I see, so the Hz in dB/Hz is not actually the frequency of the mouse vocalizations, but rather the frequency resolution that the microphone is recording from? If I'm understanding correctly, the mean power (dB/Hz) is normalizing the sound amplitude of the vocalizations to the frequency resolution of the recording microphone which is important because the same sound can result in different amplitudes if the frequency resolutions are different (as seen in this link: https://community.sw.siemens.com/s/article/what-is-a-power-spectral-density-psd). Would that be the right interpretation? Is there any scenario where the Hz in dB/Hz would be the frequency of the mouse vocalizations?

Thanks for the responses, they have been very helpful!

VoiceScientist commented 2 years ago

I think the "Hz" in the dB/Hz comes from the frequency resolution of the spectrogram creation (in DeepSqueak) and has nothing to do with the USV itself or the hardware or recording settings. It is a function of the acoustic analysis - the fast fourier transform (FFT) within DeepSqueak. I'm operating at the edge of my knowledge here, so if anyone else has thoughts/clarifications, I'd welcome them!

DrCoffey commented 2 years ago

@VoiceScientist & @MxMarx have done a better job explaining it than I ever could! Practically speaking, if you are looking at calls recorded on the same microphone with the same settings, louder calls have a higher power even if negative.

I don't put a lot of stock in the power calculation though. Animals could just be closer to a microphone or aiming directly at it, and it would seem like they were producing louder calls. I think it is a little too hard to control.

VoiceScientist commented 2 years ago

@DrCoffey I agree you have to take the power calculation with a grain of salt.
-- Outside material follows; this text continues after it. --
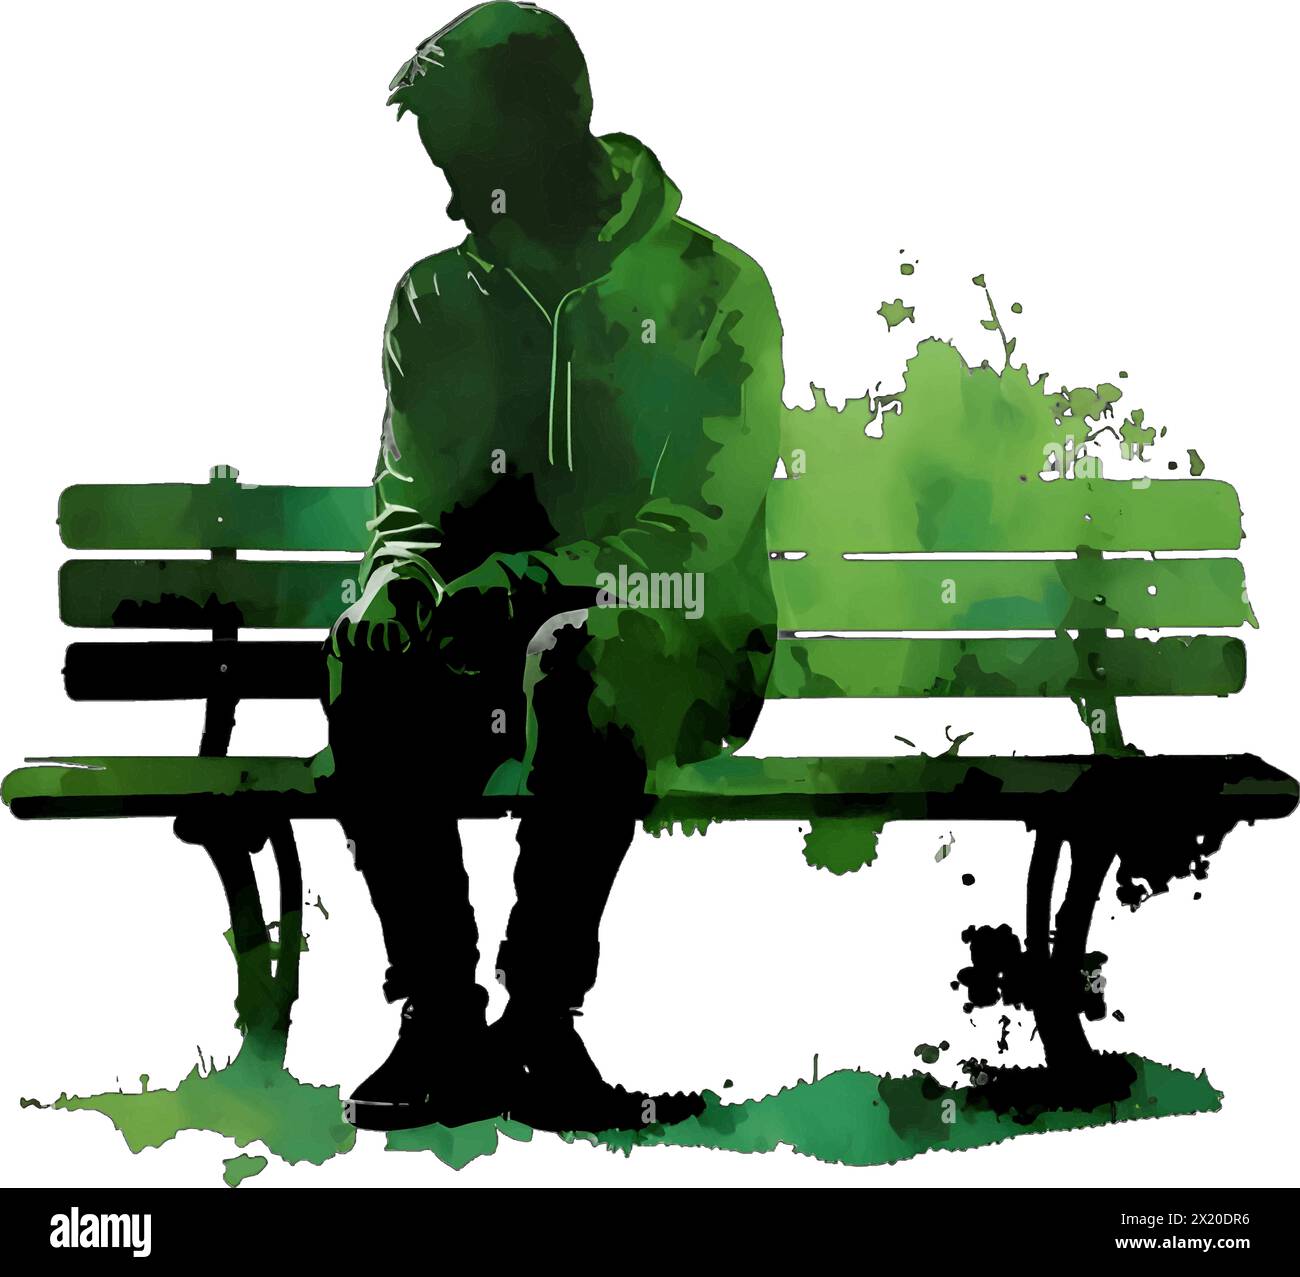 Illustration vectorielle d'un homme sur un banc en silhouette verte sur un fond blanc propre, capturant des formes gracieuses. Illustration de Vecteur

I investigated that issue in the past using video tracking and I found the distance to the mic in a small enclosure (standard sized rat housing cage) didn't make much difference, but the orientation (angle to the mic) had more of an influence. USVs are highly directional. I justify comparing group differences in amplitude by averaging a large number of USVs from each animal. That said, your caveat is warranted.

TaxiCalbee commented 2 years ago

The number of USVs recorded per day in our dataset is in the mid hundreds, so hopefully that would reduce differences due to variability in orientation to the mic. We also see the group differences particularly during early postnatal days (P1-5), which is when I expect the pups to not move very much. I'll have to confirm with my colleague about the orientation, whether that was controlled for at the start of the recordings or not, and whether it changed during.

Yes, the power is just one parameter where we found group differences. There were others as well which is nice because it makes me more confident that there is a genuine difference. At any rate, now I definitely have a better understanding of "mean power" and thanks a lot to @VoiceScientist and @DrCoffey for your help!

DrCoffey commented 2 years ago

Ya, I think with enough animals/vocalizations you can get around the variability issue. Good luck with the rest of the analysis!